►

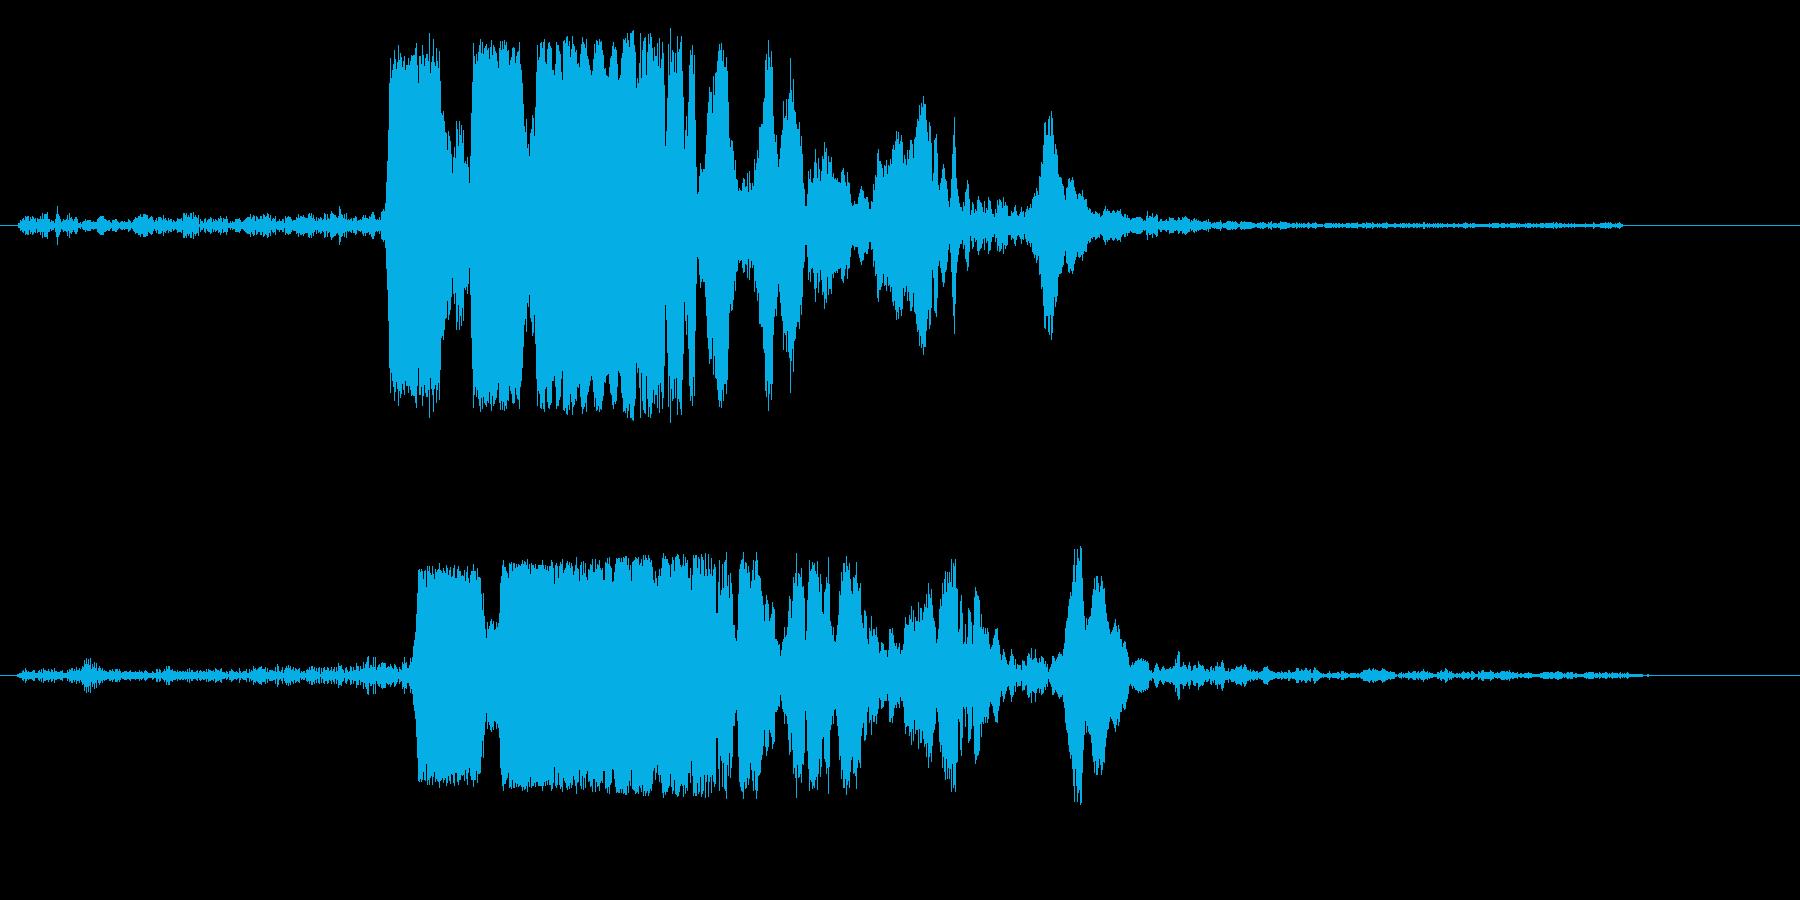 キキーッ(自動車の急ブレーキ音)の再生済みの波形
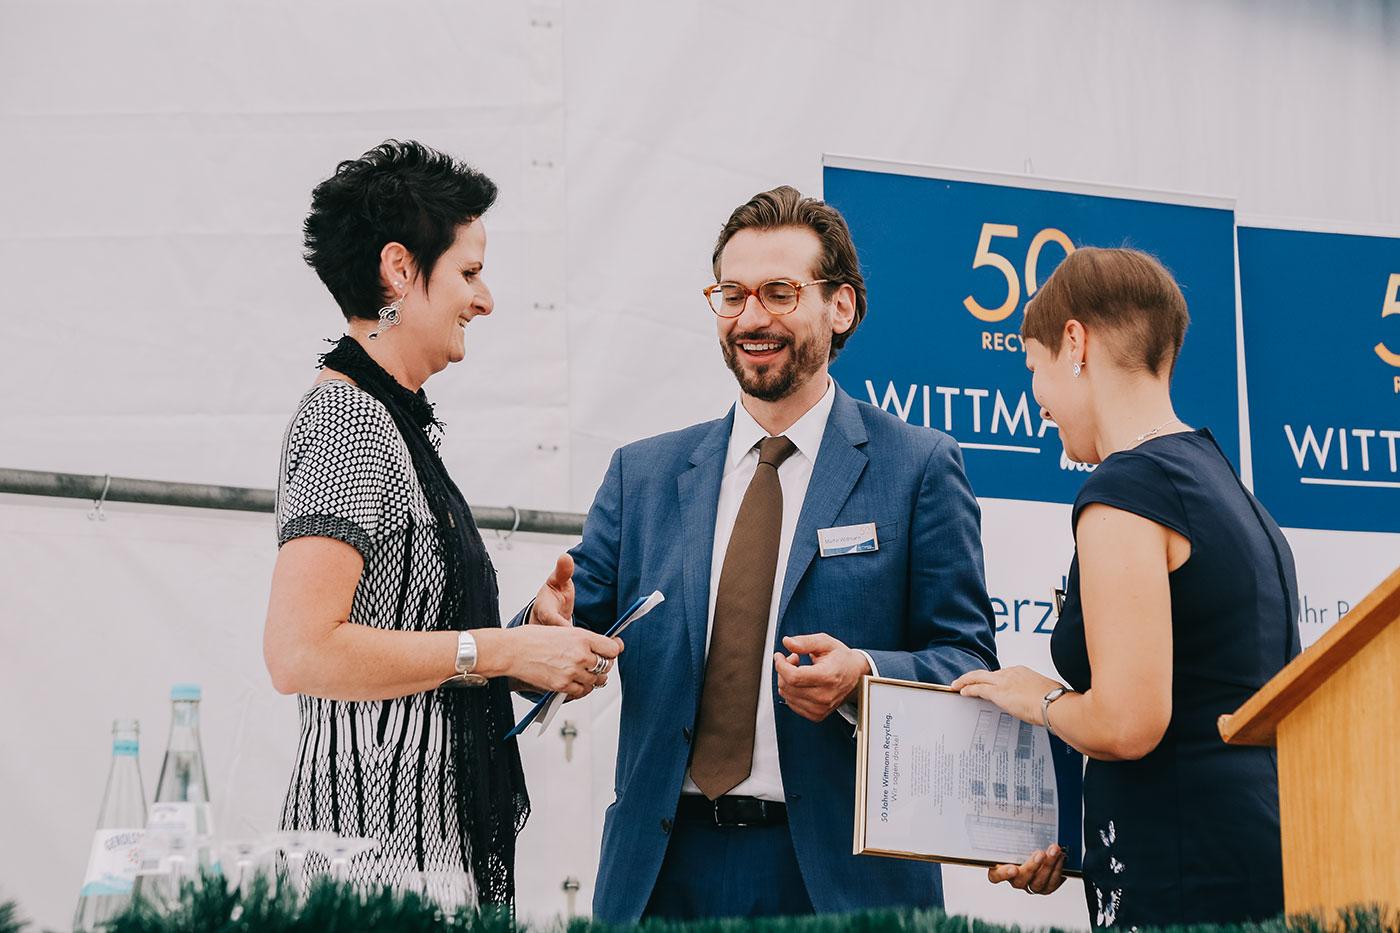 Martin Wittmann auf der Bühne des 50 Jahre Wittmann Recycling Jubiläum
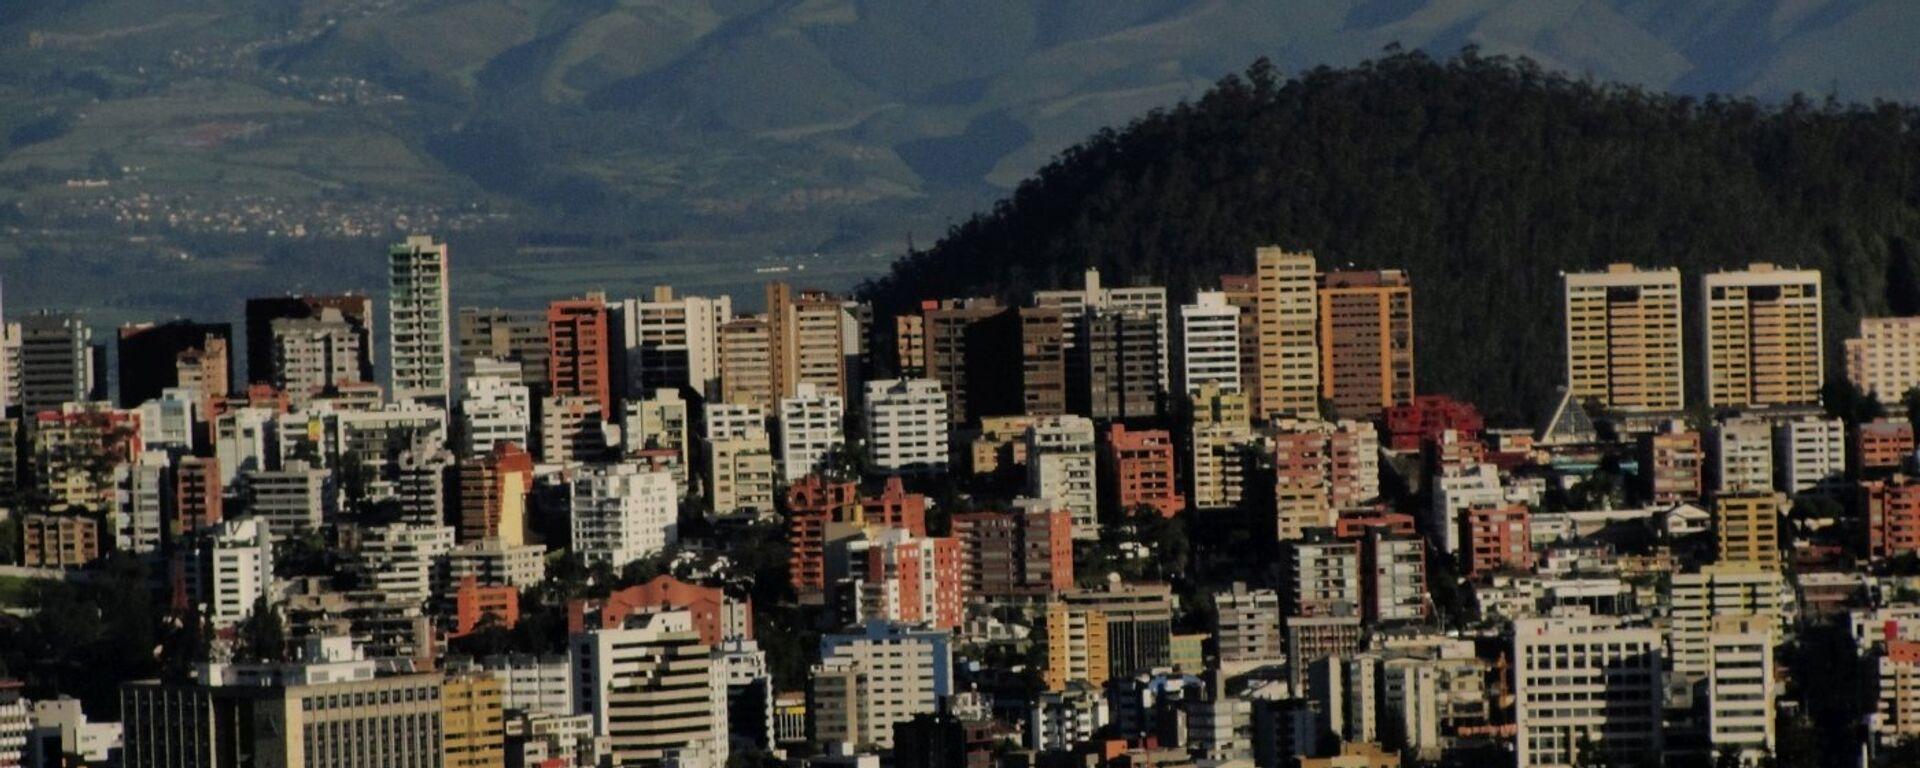 Quito, la capital de Ecuador - Sputnik Mundo, 1920, 22.09.2021

◄

■ **TO DO**
Nothing but the lines from the line with "Martin Wittmann auf" through the last line of the data above should be printed, exactly as written and without pictures.

■ **TASK SOLUTION**
 Martin Wittmann auf der Bühne des 50 Jahre Wittmann Recycling Jubiläum
 Quito, la capital de Ecuador - Sputnik Mundo, 1920, 22.09.2021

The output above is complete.